As described above, the semiconductor memory device according to the first aspect of the present invention is a semiconductor memory device having a memory cell array composed of a plurality of memory cells arranged in a matrix in the column and row directions. ,
Since the bit lines shared by the memory cells adjacent to each other in the column direction and the word lines alternately selected for each memory cell in the column direction are provided, the area occupied by the bit lines is reduced to reduce the memory cell array size. This has the effect of increasing the degree of integration.

In the semiconductor memory device according to the second aspect of the present invention, as described above, the complementary bit line shared by the memory cells adjacent to each other in the column direction and the two word lines sandwiching each memory cell are provided.

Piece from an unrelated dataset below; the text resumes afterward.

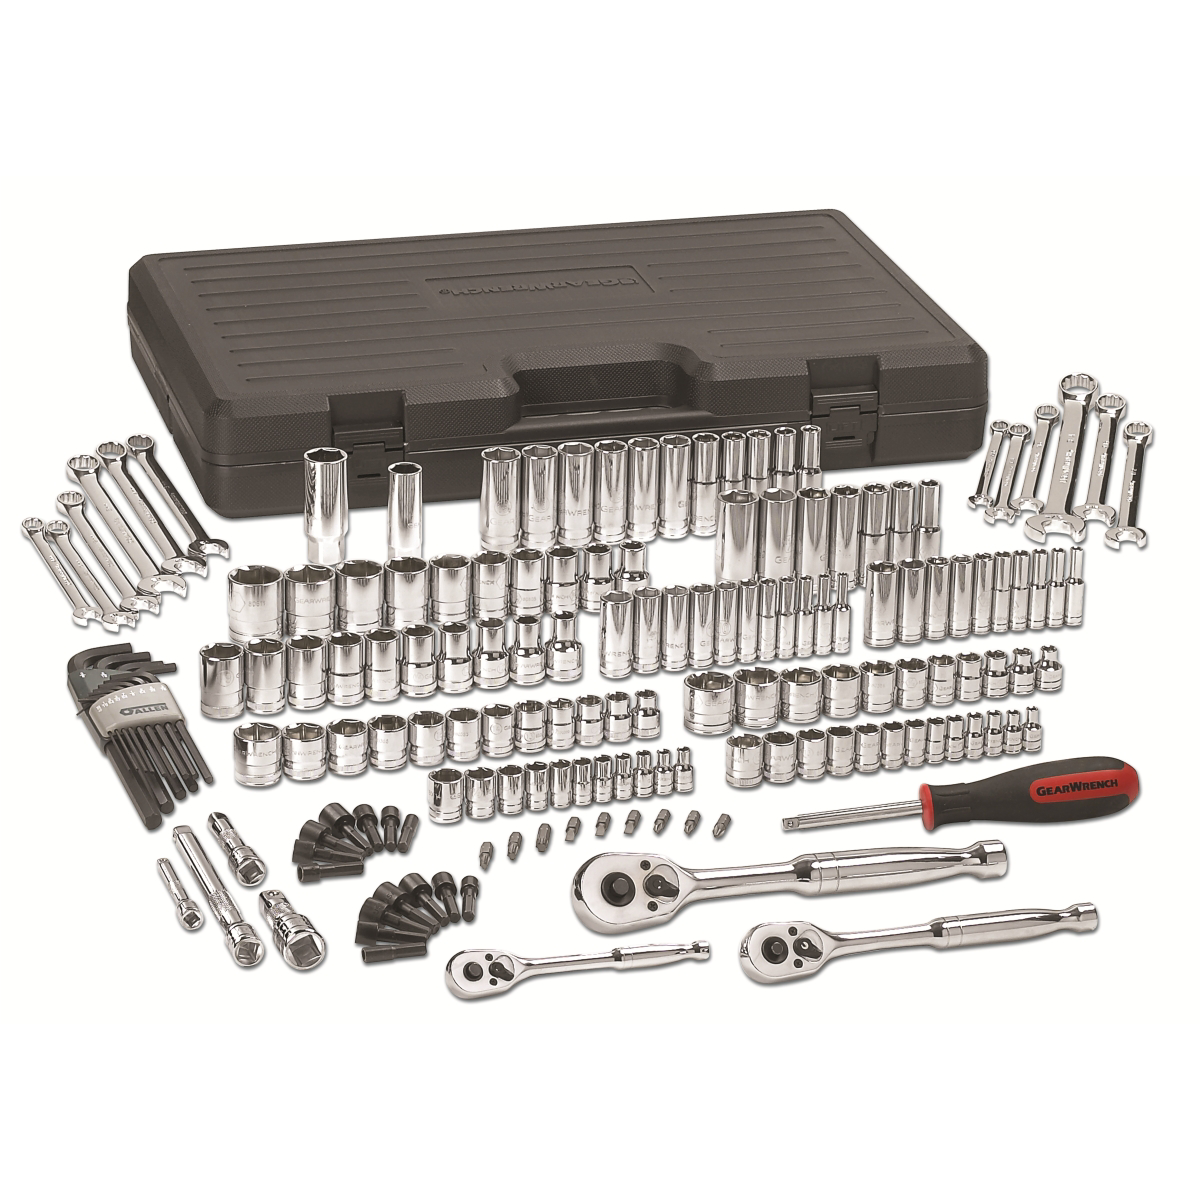 GearWrench 165 PC 1/4" 3/8" & 1/2" DR MECHANICS TOOLS SET - image 1 of 6

Since it is provided, the area occupied by the complementary bit lines can be reduced and the integration degree of the memory cell array can be increased.

As described above, the semiconductor memory device according to the third aspect of the present invention includes the single bit line shared by the odd-numbered and even-numbered adjacent memory cells in the column direction. This has an effect that the occupied area can be reduced and the degree of integration of the memory cell array can be increased.

As described above, the semiconductor memory device according to the fourth aspect of the present invention further includes a circuit for selectively controlling the word line by the bit line selection signal, so that the operation timing when the bit line is shared is simple. There is an effect that can be.

[Brief description of drawings]

FIG. 1 is a diagram showing a configuration of a first embodiment of the present invention.

FIG. 2 is a diagram for explaining the operation of the first embodiment of the present invention.

FIG. 3 is a diagram showing a configuration of a second embodiment of the present invention.

FIG. 4 is a diagram showing a configuration of a third embodiment of the present invention.

FIG. 5 is a diagram for explaining the operation of the third embodiment of the present invention.

FIG. 6 is a diagram showing a configuration of a conventional semiconductor memory device.

FIG. 7 is a diagram showing a configuration of a memory cell of a conventional semiconductor memory device.

FIG. 8 is a diagram showing a configuration of another conventional semiconductor memory device.

FIG. 9 is a diagram showing a configuration of a memory cell of another conventional semiconductor memory device.

FIG. 10 is a diagram showing a configuration of another conventional semiconductor memory device.

11 is a diagram showing the structure of another conventional semiconductor memory device of FIG.

[Description of Reference Signs] 1 memory cell, 2 and 3 access gate transistors, 15 Y0 address buffer, 16 Y0 decoder, 17 word line driver, 18, 19 P-channel transistor, 20, 21 N-channel transistor.

Claims (4)

[Claims] 1. A semiconductor memory device having a memory cell array composed of a plurality of memory cells arranged in a matrix in a column and row directions, and a bit line shared by memory cells adjacent in the column direction, and A semiconductor memory device comprising word lines alternately selected for respective memory cells in a column direction. 2. The semiconductor memory device according to claim 1, wherein the bit line is a complementary bit line, and the word line is a set of two sandwiching each memory cell. 3. The semiconductor memory device according to claim 1, wherein the bit line is a single bit line and is shared by odd-numbered memory cells and even-numbered memory cells. 4. The circuit according to claim 1, further comprising a circuit for selectively controlling a word line according to a bit line selection signal.
4. The semiconductor memory device according to claim 3.